Hacker News new | ask | show | jobs
by 0xFFFE 1287 days ago
It appears the problem existed before the lila3 was deployed on 11/22. If you notice the GC graph. The number of GC cycles/minute kept increasing gradually starting on 11/10 and almost doubling on 11/21. The 11/22 deployment of lila3 reset the graph and since you have been restarting everyday since, we can't see the growth of more than a day. My wild hunch is a code push on 11/10 causing a memory leak, worth checking in my opinion.
2 comments

I haven't looked at the graphs, but they updated netty to 4.1.85.Final on 2022-11-10.

https://netty.io/news/2022/11/09/4-1-85-Final.html mentions that a potential memory leak was fixed. In includes a debug log warning of the leak; but enabling debug logging may be a no-no.

Perhaps could be worth reverting that and see if there's any change. Sounds cheap and harmless.

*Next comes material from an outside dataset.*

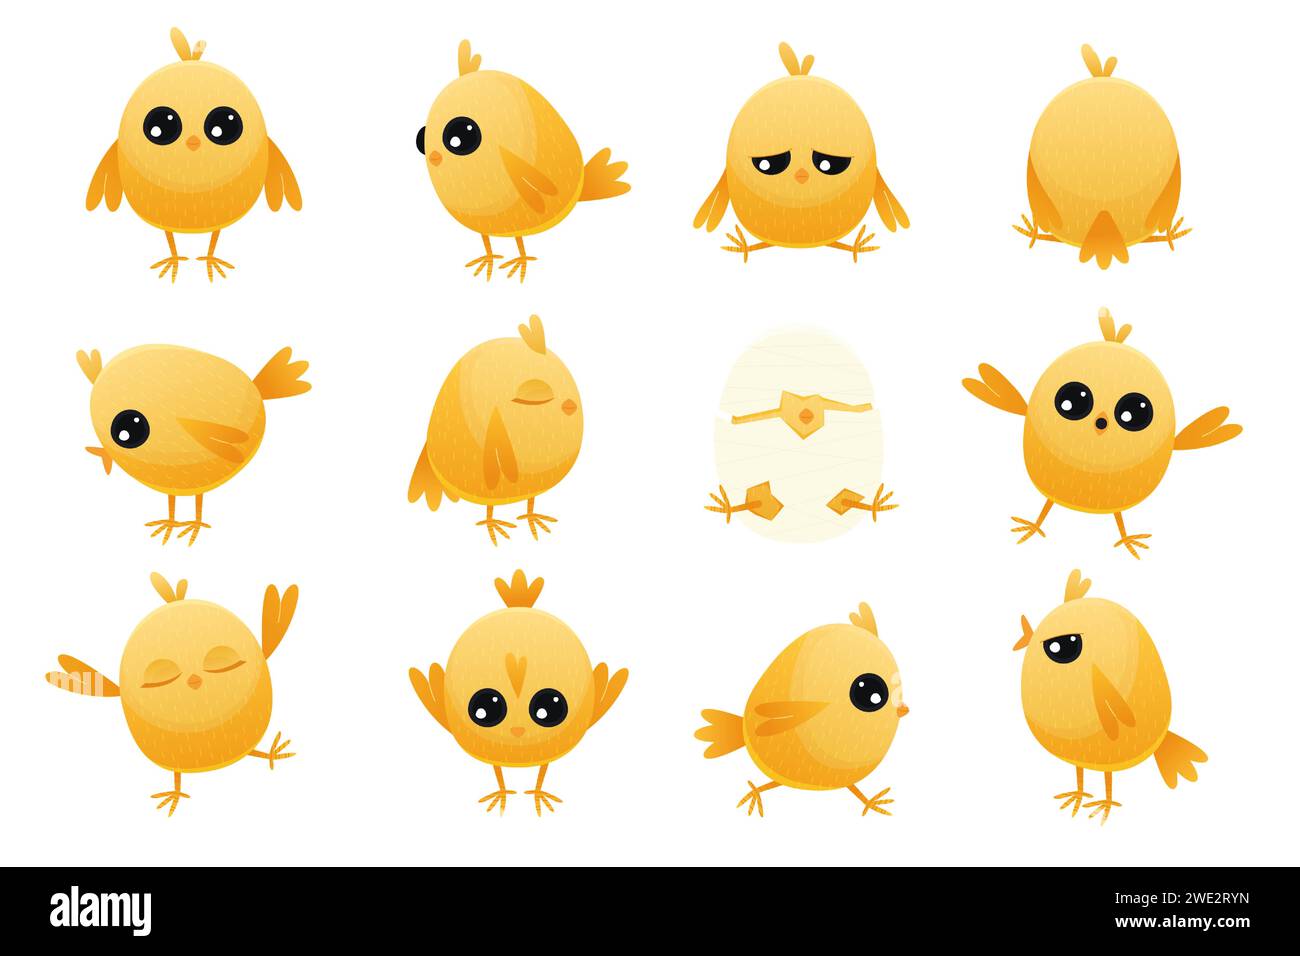 Niedliches Cartoon-Huhn-Baby. Gelbes Bauerngeflügel mit Schnabel und Flügeln, einfache glückliche Tierfiguren mit verschiedenen Emotionen. Vektor-isolierter Satz Stock Vektor

Netty is a super complex and also super poorly documented project. I did weeks of exploration and found these JVM args:

      -Dio.netty.allocator.numDirectArenas=0
      -Dio.netty.noPreferDirect=true
      -Dio.netty.noUnsafe=true
work pretty well for us on any HTTP server. They slightly reduce performance as HTTP pool is weaker, but deceases memory usage by 25-40%, also eliminated one of a few memory leaks in an older version of KeyCloak.
there were no deployments near 11/10, according to that graph - they also say in the blog that scala2 could go for two weeks without restart, so theyre presumably aware of some sort of memory management issues they're just okay with it.